There seem to be quite a few low down payment options out there for first-time homebuyers. How do you know which one is the best for you?

QUESTION: There seem to be quite a few low down payment options out there for first-time homebuyers. How do you know which one is the best for you?

ANSWER: You need to compare not just the amount of down payment each requires, but other features of the loan programs. Aside from the common denominator of a low down payment, the different loan programs all come with different pluses, minuses and restrictions. Picking the right one will depend on your circumstances.

The Veterans Administration (VA) and Department of Agriculture (USDA rural home loan program) offer the lowest down payment loan programs (zero down). But both of these have tight restrictions that rule out most people – i.e. veteran status (VA loan) and geographic limitations (USDA).

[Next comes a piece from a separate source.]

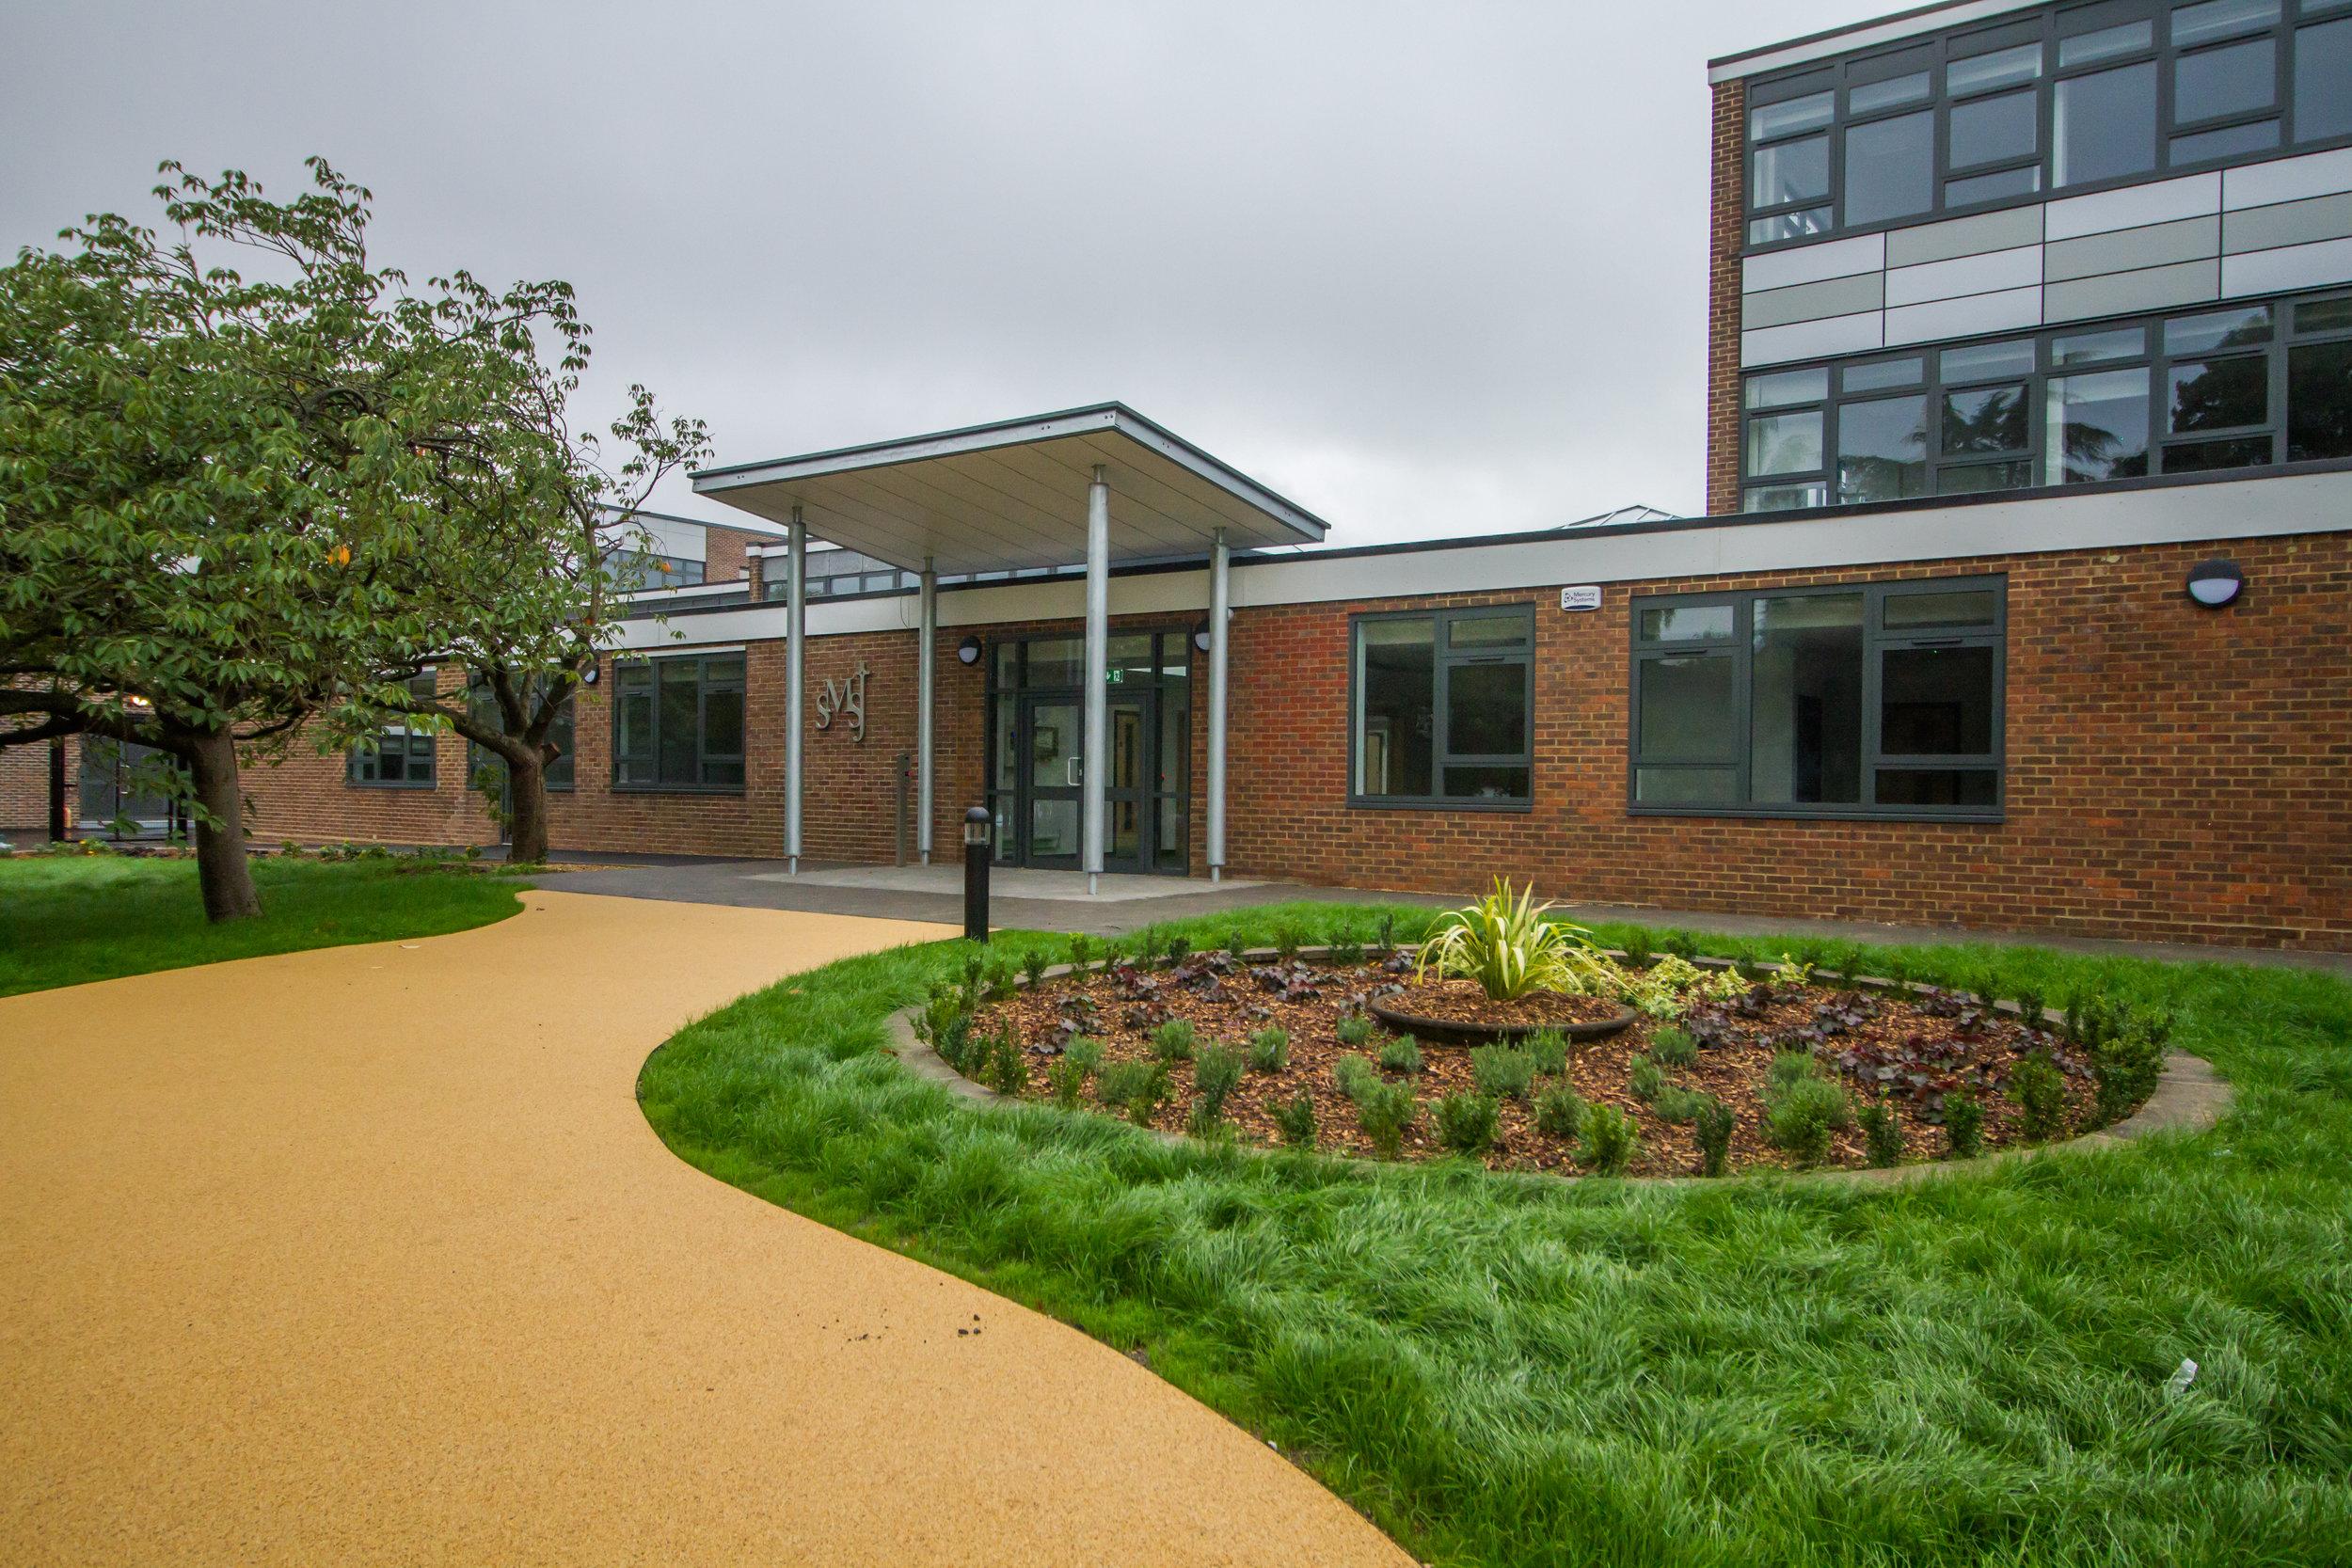 St Mary's and St John's c of e school -
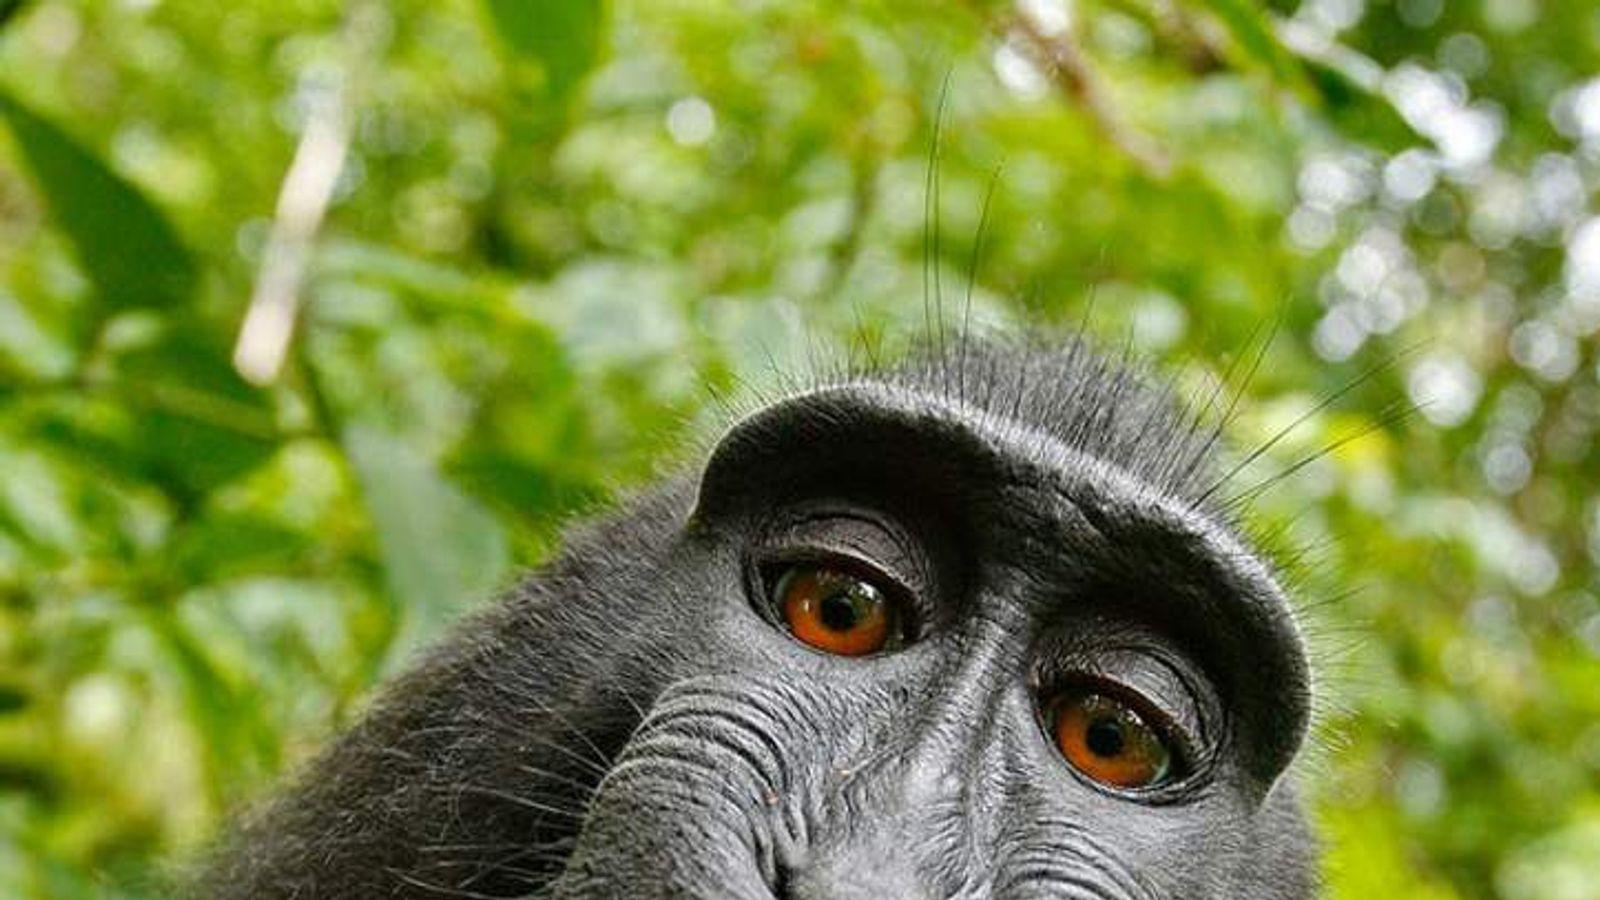 Macaque selfie using photographer David Slater's camera

Next lowest are Fannie Mae and Freddie Mac, the two big quasi-governmental agencies that buy most home mortgages. Both Fannie and Freddie have home loan programs requiring just three percent down, but they also come with a variety of eligibility criteria, including in some cases, income cutoffs.

Fannie and Freddie also require credit scores above 720, a deal-busting hurdle for many first-time homebuyers. For these buyers, the Federal Housing Administration (FHA) might be a better option. FHA offers home loans with as little as 3.5 percent down, and also accepts lower credit scores than Fannie and Freddie, even under 600.

Besides credit scores, another major differentiating factor of the low down payment programs offered by Fannie and Freddie, and the one offered by FHA, is debt-to-income. Debt-to-income is the ratio between a borrower’s gross monthly income and his/her total monthly recurring debt. Fannie and Freddie will generally not go higher than 45 percent debt-to-income. FHA, meanwhile, is more flexible on debt-to-income, and may accept ratios high than 50 percent.

On the minus side, FHA requires borrowers pay private mortgage insurance (PMI) for the life of the loan. (All borrowers who put down less than 20 percent are required to take out PMI.) But on conventional mortgages offered by Fannie and Freddie, borrowers can cancel PMI once their equity in the home reaches 22 percent.

FHA borrowers do not have that option. They must pay PMI for the life of the loan. On the other hand, since they are first-time homebuyers, they are likely to move up in the housing market after a few, or maybe several, years.